In its final report, the commission first noted the troubling backdrop. There's been a doubling of U.S. auto and truck traffic from 1980 to 2006 while growth in highway lane miles was virtually flat and maintenance of roads and bridges lagged. Real spending per highway mile traveled is down by nearly half since the Interstate system was established in the late 1950. Total highway and transit outlays as a percent of gross domestic product are down one-quarter over the same span, to 1.5 percent today. Because it has been unadjusted for inflation, the federal gas tax has lost one-third of its purchasing power since the last time it was hiked, 16 years ago.
The price of inaction is high. With resulting lost time, squandered fuel, and vehicle deterioration, congestion in the U.S.'s 437 urban region costs upward of $78 billion annually.
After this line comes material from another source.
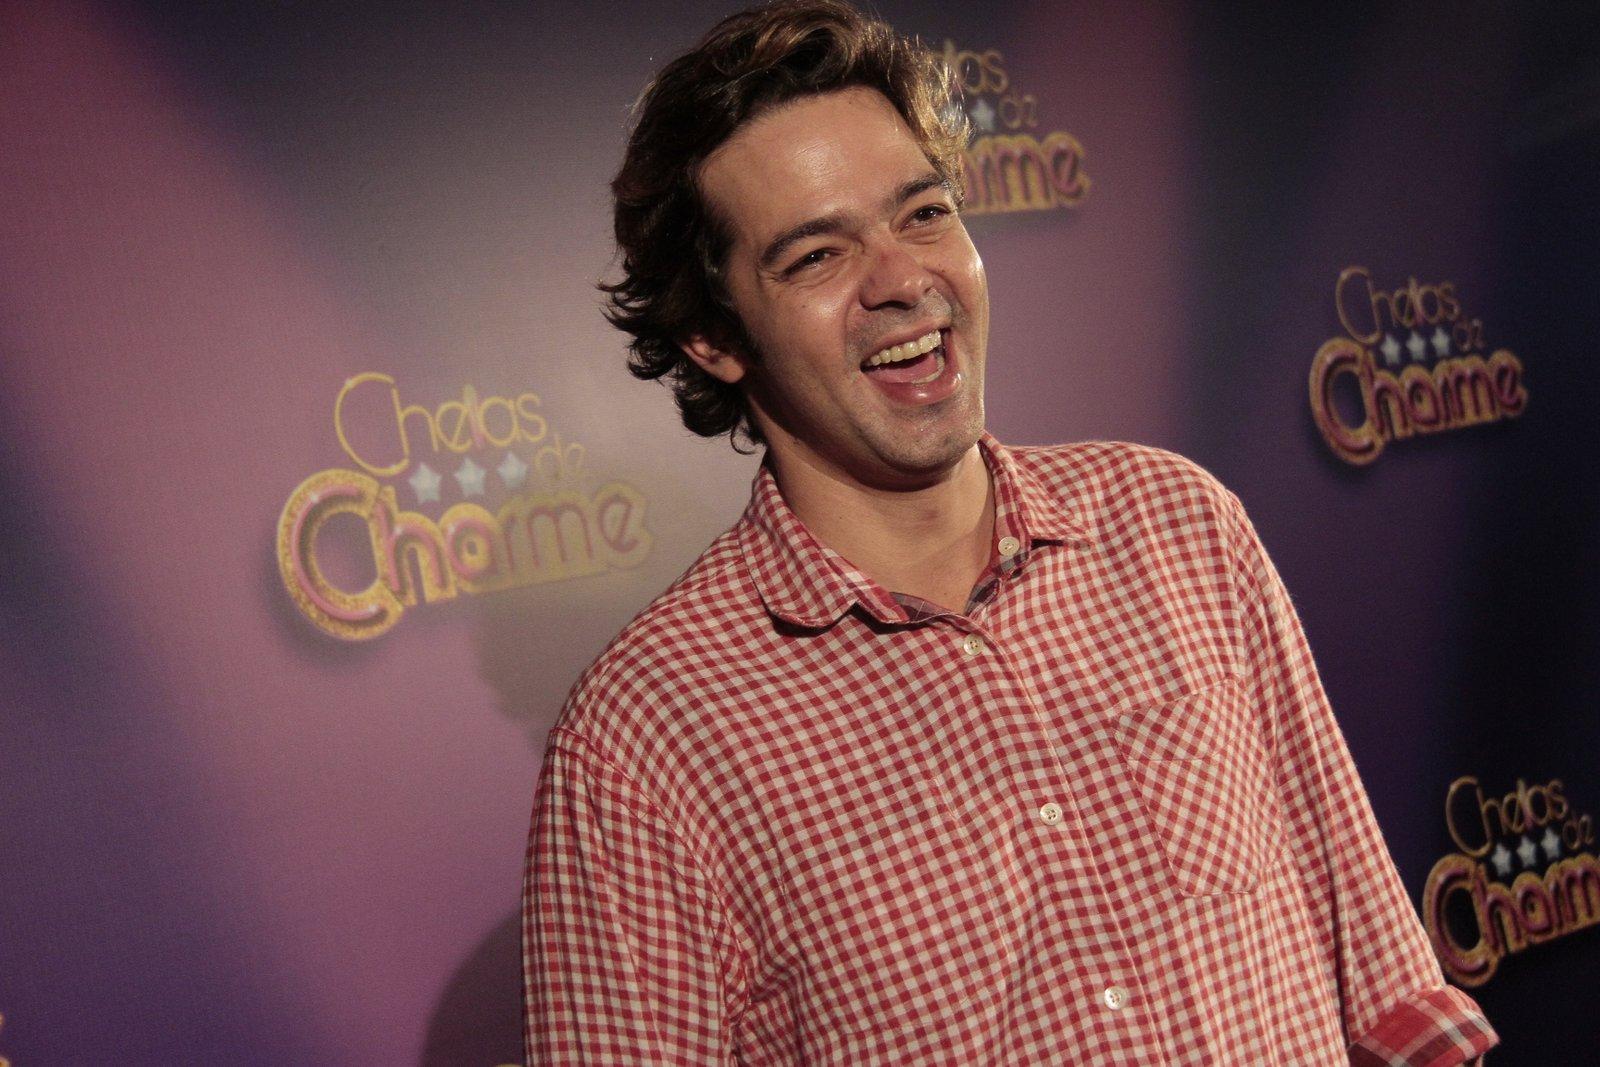 Bruno Mazzeo fez sua primeira aparição após a morte do pai, Chico Anysio, durante a festa de lançamento da novela 'Cheias de Charme', nesta sexta-feira à noite, 30, na Feira de São Cristóvão, na Zona Norte do Rio

The commission reported the feds ought to be providing half of the $200 billion required per year to maintain and improve the nation's highways and transit systems, but that currently all levels of government are generating only one-third the needed funding. The commission took pains to point out (quite properly) that state, regional and local governments must shoulder the burden too, finding new resources to boost capacity and make other improvements.